Im zweiten Buch folgt die im Intermezzo vorbereitete Alternative: Der Säugling aus dem ersten Buch ist nicht gestorben, sondern hat weitergelebt, die junge Familie – inzwischen gibt es noch eine zweite Tochter – ist nach Wien gereist, ein Geschenk der Großmutter zum siebten Hochzeitstag, und ergreift die Chance der Umsiedlung, als dem Mann dort eine Stelle angeboten wird. Aber auch dieser Neubeginn endet im Desaster. Der Vater wird wegen seiner jüdischen Frau nicht befördert, er kann die Familie kaum ernähren und nach dem Ersten Weltkrieg wird die Versorgungslage immer katastrophaler.

Bezüglich der Ausweglosigkeit von Situationen fühlt man sich an die griechische Tragödie erinnert: der tragische Held versucht dem Dilemma zu entkommen, muss aber am Ende scheitern. Ödipus z.B. will der Prophezeiung, dass er seinen Vater töten und seine Mutter heiraten wird, entgehen, erfüllt aber gerade durch seine Vermeidungsversuche das Orakel, mit Blindheit geschlagen. Die Götter wollen sein Verderben. Aber versuchen muss es der antike Held, seinen Determinanten (Schicksal, Götter) zu entkommen, weil er sich als Handelnder versteht und Autonomie anstrebt.

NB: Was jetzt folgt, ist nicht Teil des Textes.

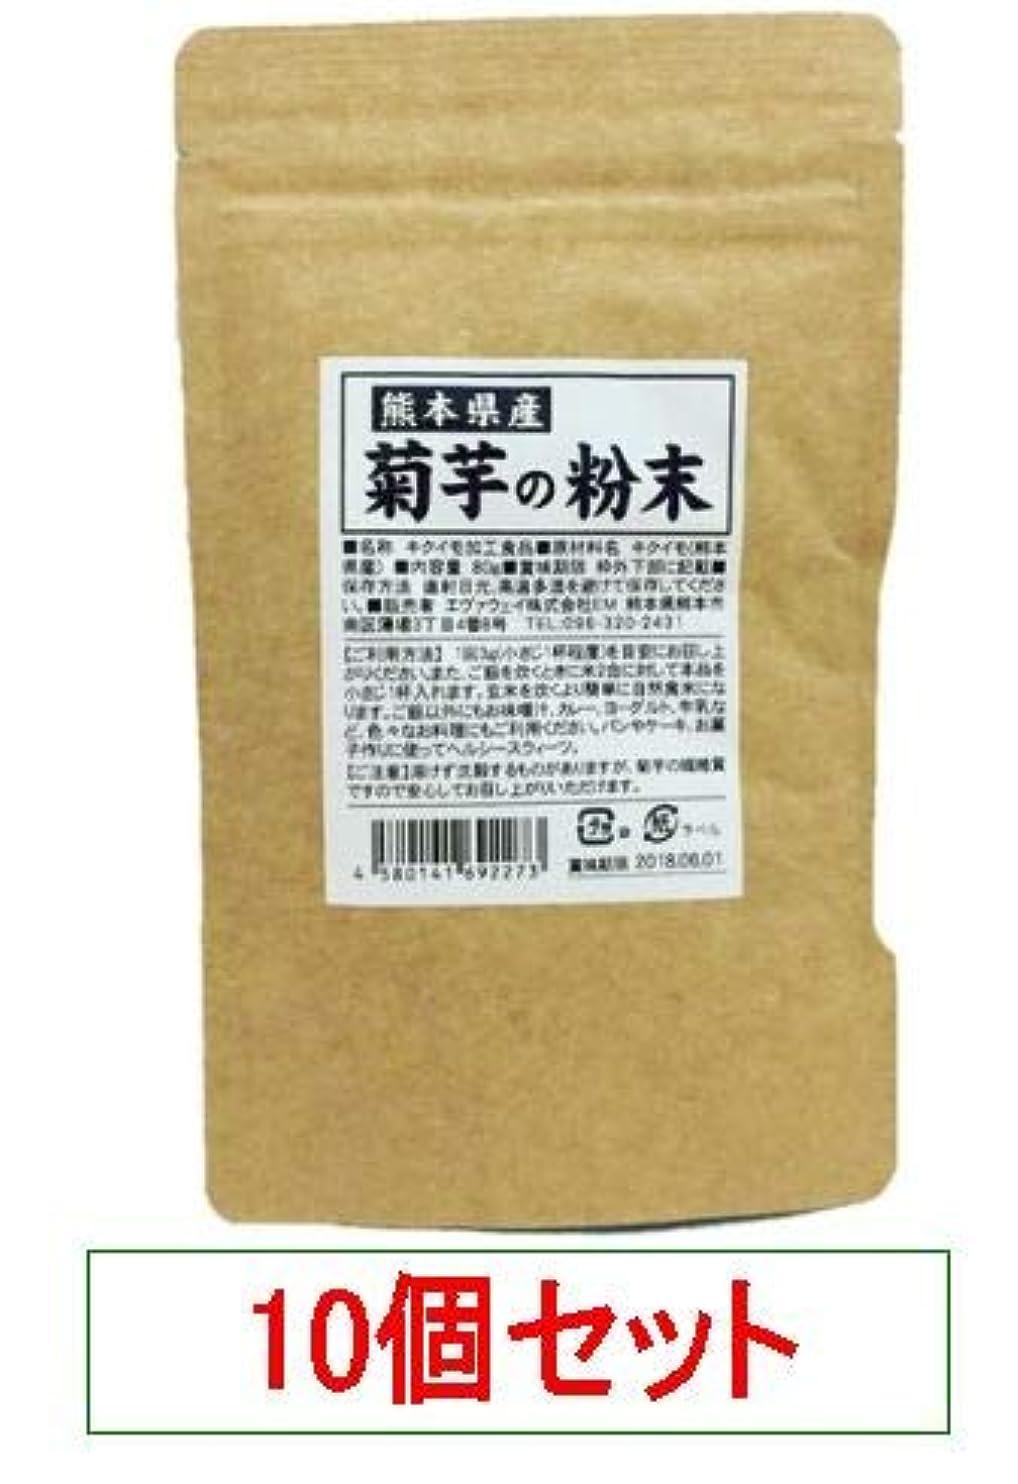 一部フリンジ緊張熊本県産 菊芋の粉末 エヴァウェイ 80gX10個セット

Diese menschliche Grunddisposition findet sich auch bei den Figuren Erpenbecks, nur geht es hier nicht mehr um Schuld, Strafe, Vorherbestimmung oder Neid der Götter, sondern um Zufälle oder historische Umstände, die die Figuren scheitern lassen.

Die Aufbrüche und Neuanfänge der Figuren haben teilweise Fluchtcharakter. Der nicht-jüdische Ehemann im ersten Buch, Vater des toten Säuglings, hofft auf ein neues Leben in Amerika; seine verlassene Frau, die wieder wie vor der Ehe im Laden ihrer Mutter arbeitet, verlässt, weil sie von einem vermeintlichen Liebhaber zur Prostitution erpresst wird, die Stadt und ihr altes Leben bei der Mutter. Beide fliehen aus einer als unerträglich erlebten Situation.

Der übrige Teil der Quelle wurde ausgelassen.